2.3. Experiment 2: Lactate administration following acute electrical muscle stimulation

The resistance exercise protocol was conducted as previously described (Ogasawara et al., 2016; Shirai, Aoki, et al., 2020). Briefly, the mice were anesthetized with inhaled isoflurane (2%, KN‐1701; Natsume), and both lower limbs of each mouse were shaved and cleaned with alcohol wipes. Lactate or PBS was then administrated intraperitoneally 15 min before the resistance exercise. The mice were positioned with their foot on a footplate (with an ankle joint angle of 90°) in the prone position. The gastrocnemius muscle was stimulated percutaneously with electrodes connected to an electric stimulator and isolator (Ag/AgCl, Vitrode V; Nihon Kohden). The right gastrocnemius muscle was isometrically exercised (stimulation for 3 s, 10 contractions, with intervals of 7 s between contractions; total of 5 sets with 3‐min intervals between sets). The voltage (30 V) and stimulation frequency (100 Hz) were adjusted to produce maximal isometric tension. The left gastrocnemius muscle served as a control (Sham), and electrodes were attached, but no ES was applied. Blood samples were collected from the tail before and 15 min after administrating lactate or PBS. Blood lactate levels were measured using a portable blood lactate analyzer (Lactate Pro 2, Arkray). Muscle samples were obtained immediately (0 h) and 3 h after resistance exercise. Tissues were frozen rapidly in liquid nitrogen and stored at −80°C until use. We have previously confirmed that electrical stimulation causes contraction of the gastrocnemius muscle, but the effect on muscles such as soleus and plantaris is unknown, so we sampled the gastrocnemius muscle. The muscle fibers of the gastrocnemius muscle used in this experiment are characterized by Type II and IIB fibers (Rahmati & Rashno, 2021; Vechetti et al., 2019).

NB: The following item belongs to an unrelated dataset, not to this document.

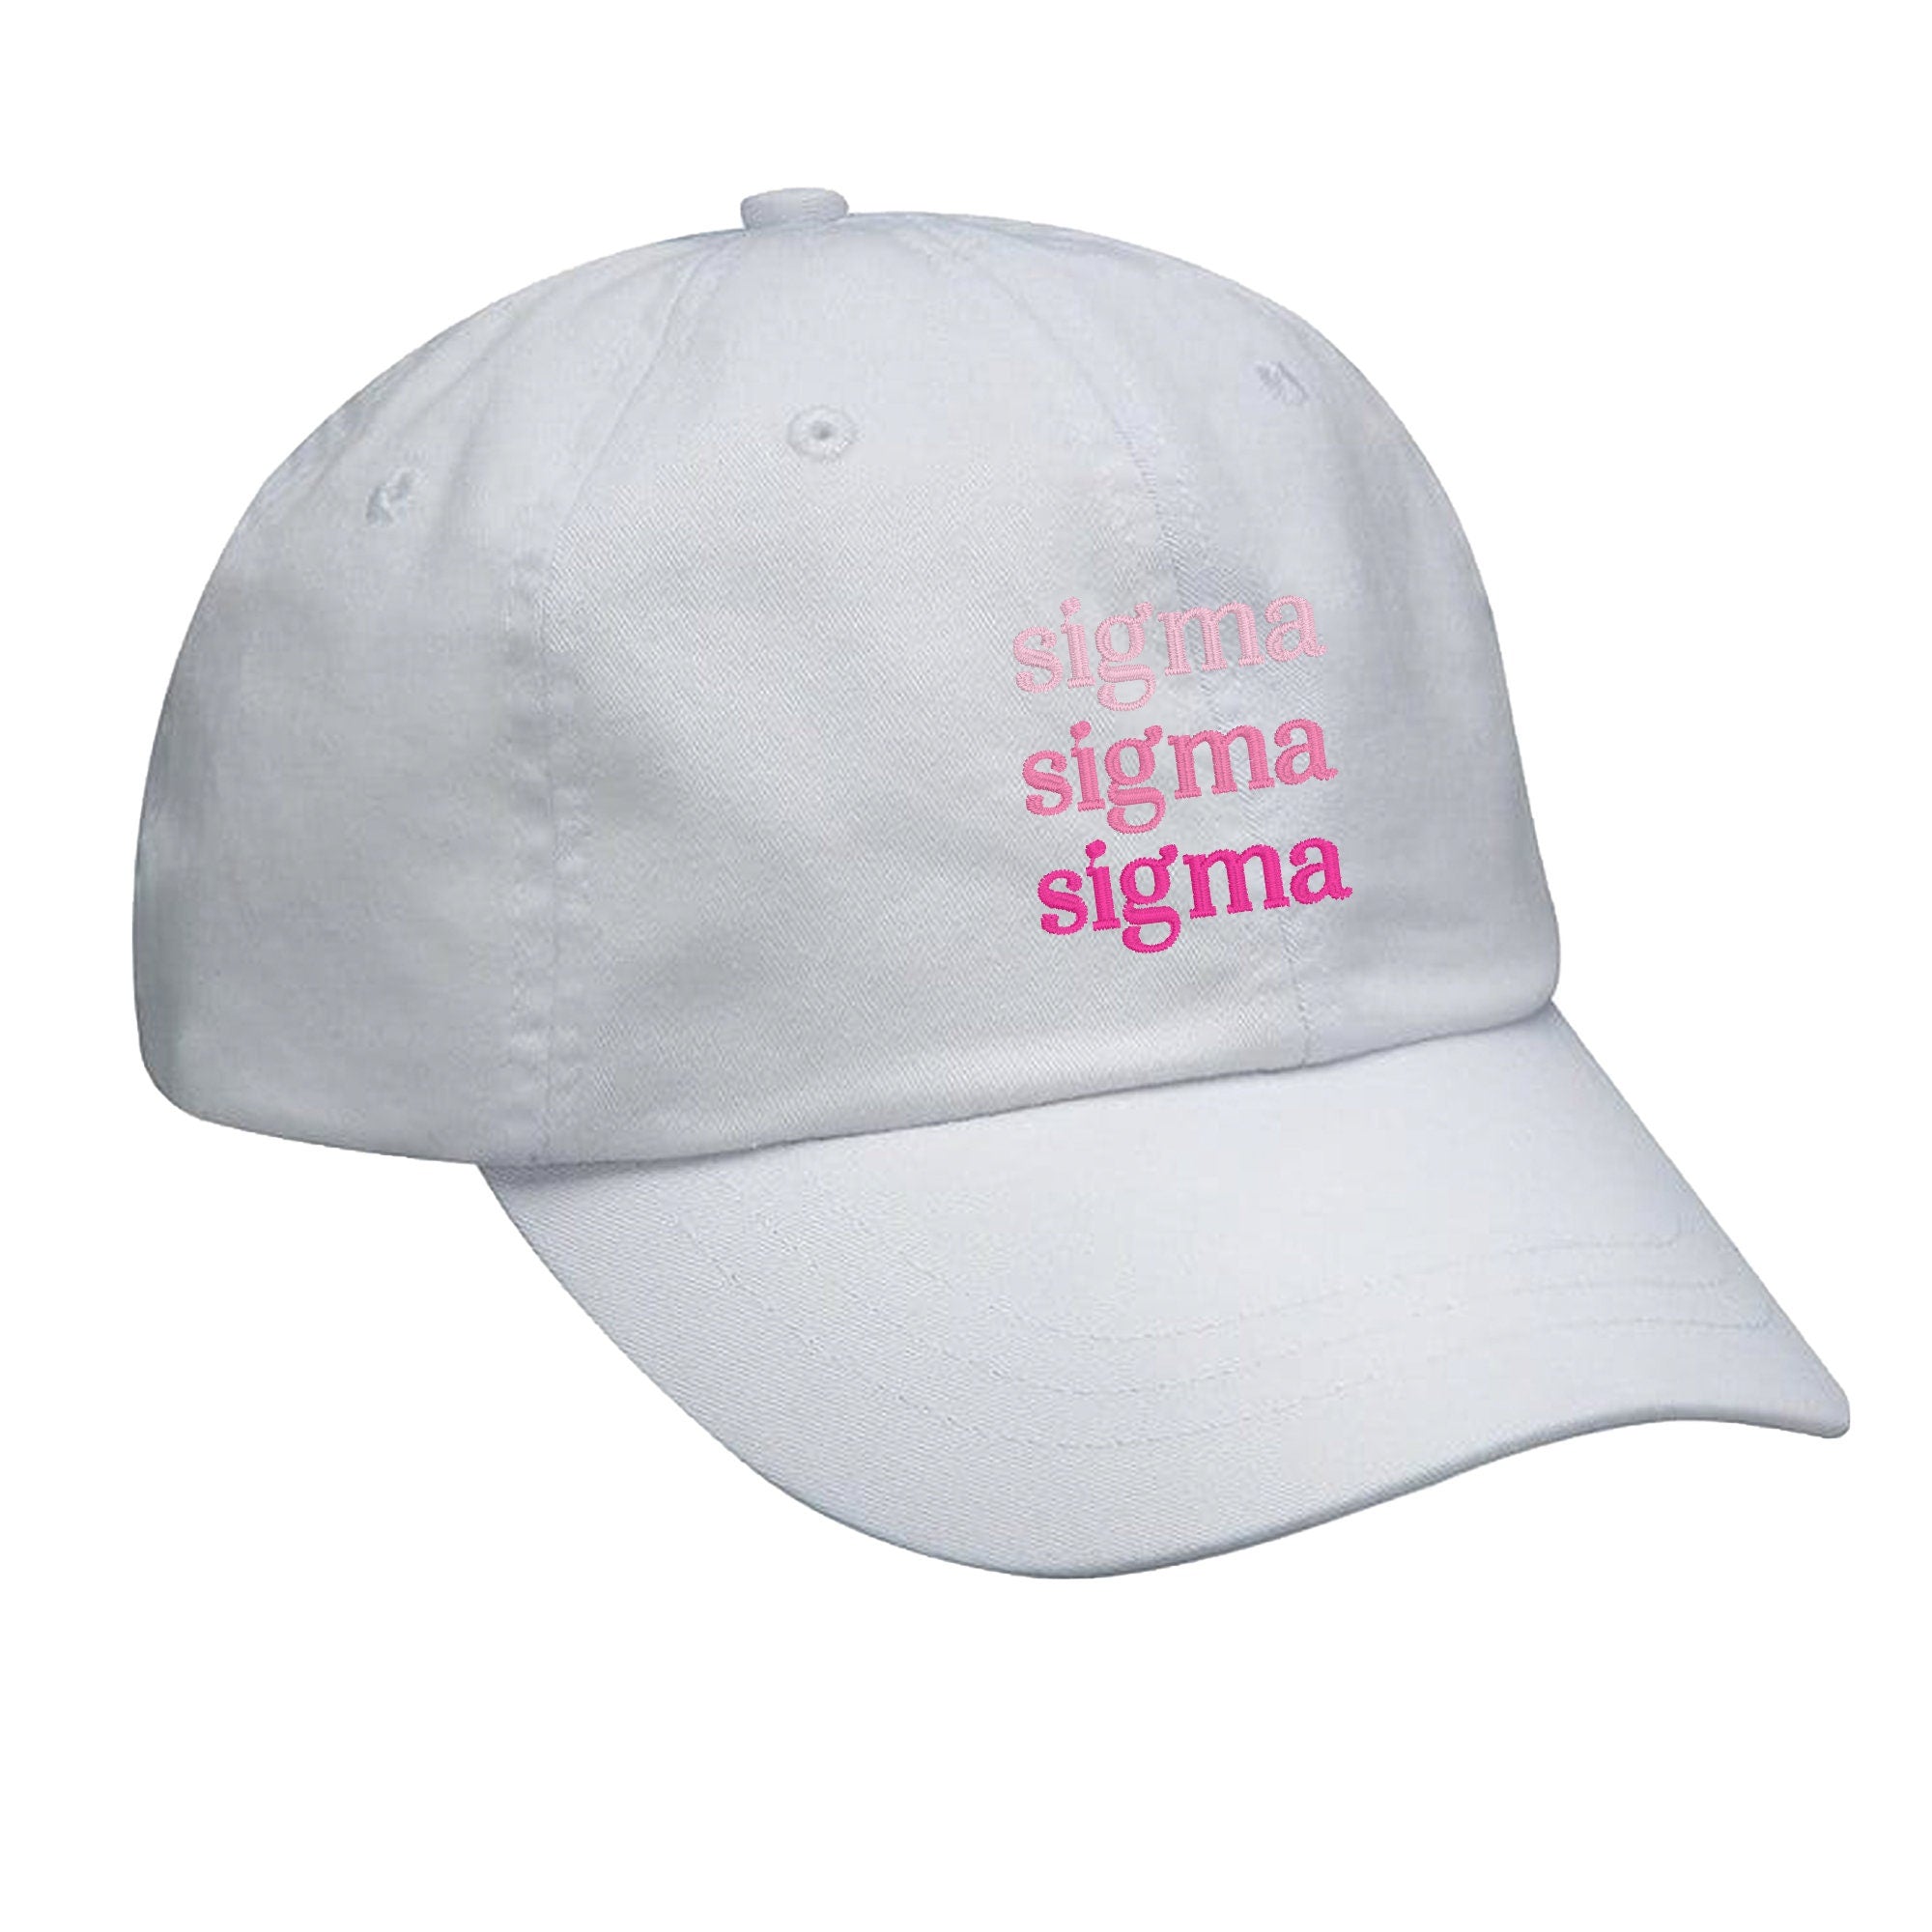 Sigma Sigma Sigma Hat - Pink Gradient - Go Greek Chic

2.4. Lactate tolerance test

The resistance exercise protocol was conducted as previously described (Takahashi et al., 2020; Takahashi et al., 2021). The lactate tolerance test was conducted after intraperitoneal administration of sodium lactate (1 g/kg body weight) 14 days after the start of OL. Blood samples were taken from the tail before and 5, 15, 30, and 60 min after administration. Blood lactate concentration was measured using a portable blood lactate analyzer (Lactate Pro 2, Arkray).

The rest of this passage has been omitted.